Answered Nov 9, 2017

The idea is that we each have a mental lexicon, a bit like a dictionary in our heads, that stores all the words we know. A lexeme is like a headword in that dictionary. The word jump is a lexeme, for instance. The various inflected forms of jump (jumped, jumps, jumping) are not separate lexemes, but are different forms of the same lexeme, subordinate to jump.

A lexeme consists of morphemes. Sometimes the default form of a lexeme consists of a single morpheme – jump is an example. However, the subordinate inflected forms jumped, jumps, jumping consist of two morphemes each: jump plus a suffix (-ed, -s, or -ing). (Sometimes morphemes have subordinate variant forms, by the way; the past tense suffix -ed varies in pronunciation depending on the preceding sound; these different variants are not separate morphemes, but are forms of the same past-tense morpheme.)

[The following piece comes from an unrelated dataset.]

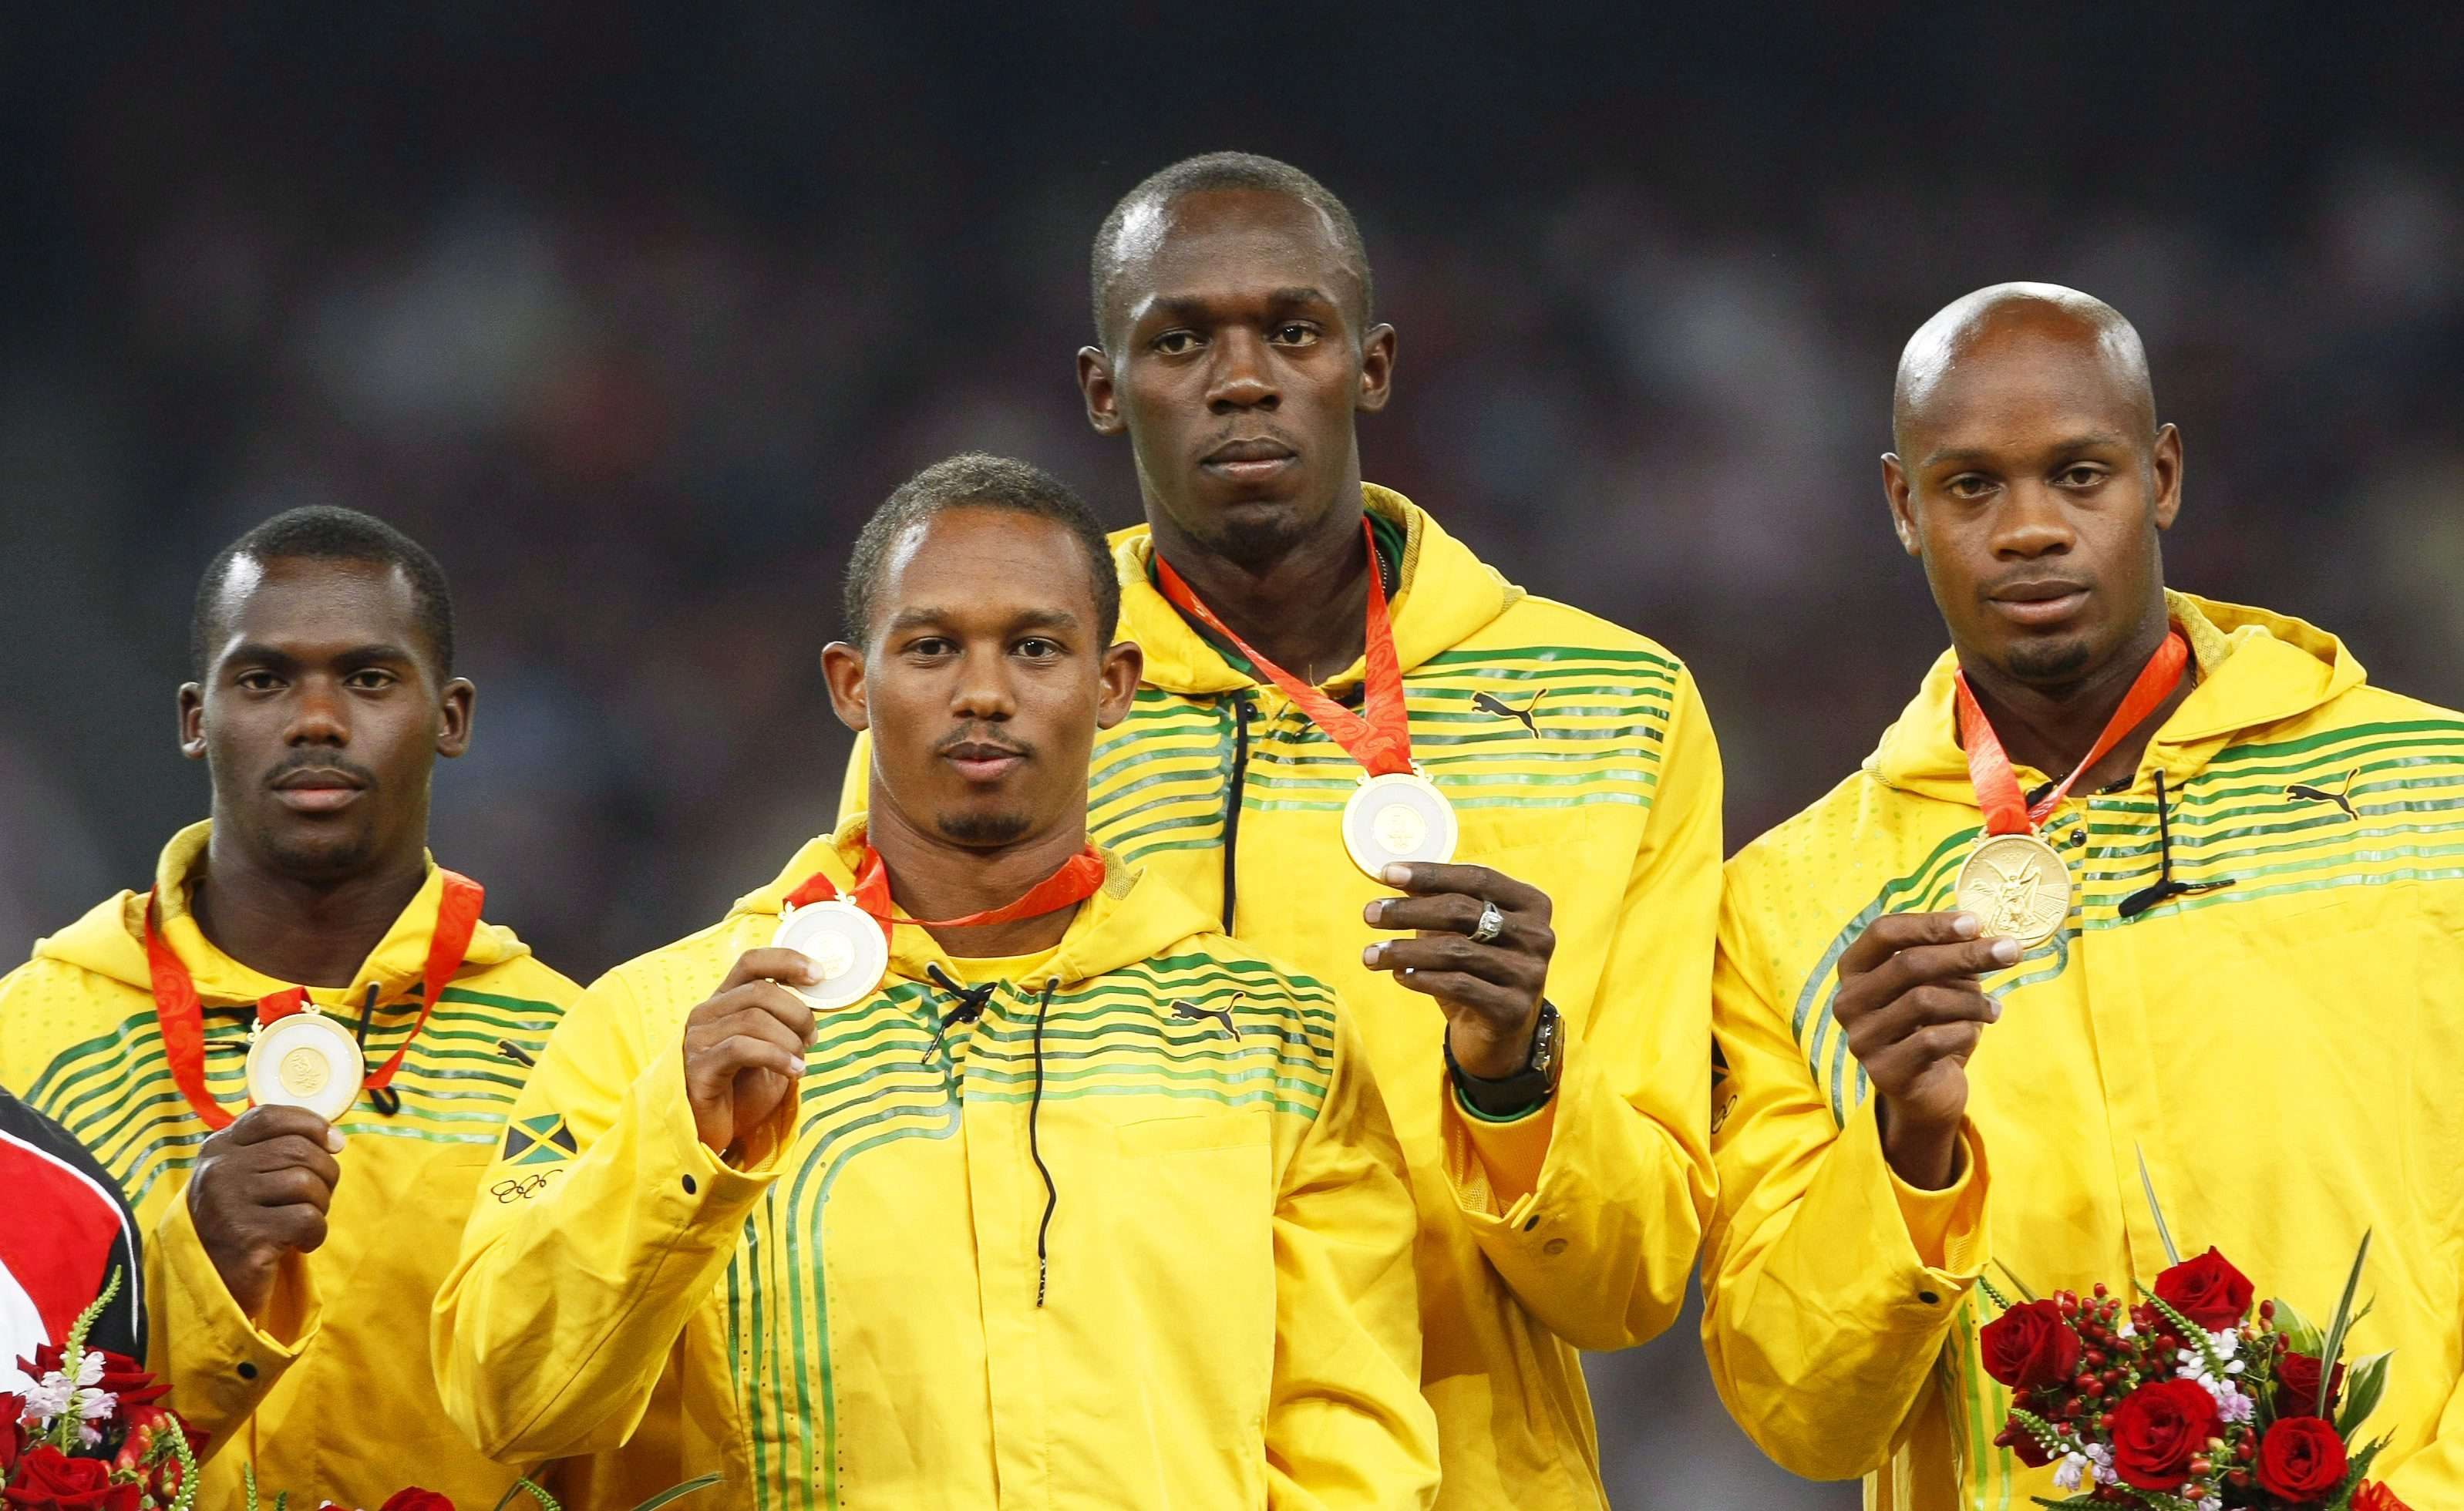 Nesta Carter (left), Michael Frater, Usain Bolt, and Asafa Powell in 2008. Photo: EPA

Sometimes the headword itself consists of multiple morphemes. This occurs when you have a word that behaves as a separate word in its own right, but is constructed out of other morphemes. Headword would be an example; it consists of the morphemes headand word, but we can assume that it’s stored as a separate entry in the mental lexicon, rather than as a subordinate form of head or word.

There is some theoretical debate about what words constitute separate lexemes, and what are constructed on the fly by combining morphemes, and clever psycholinguistic experiments have been devised to try to answer this question.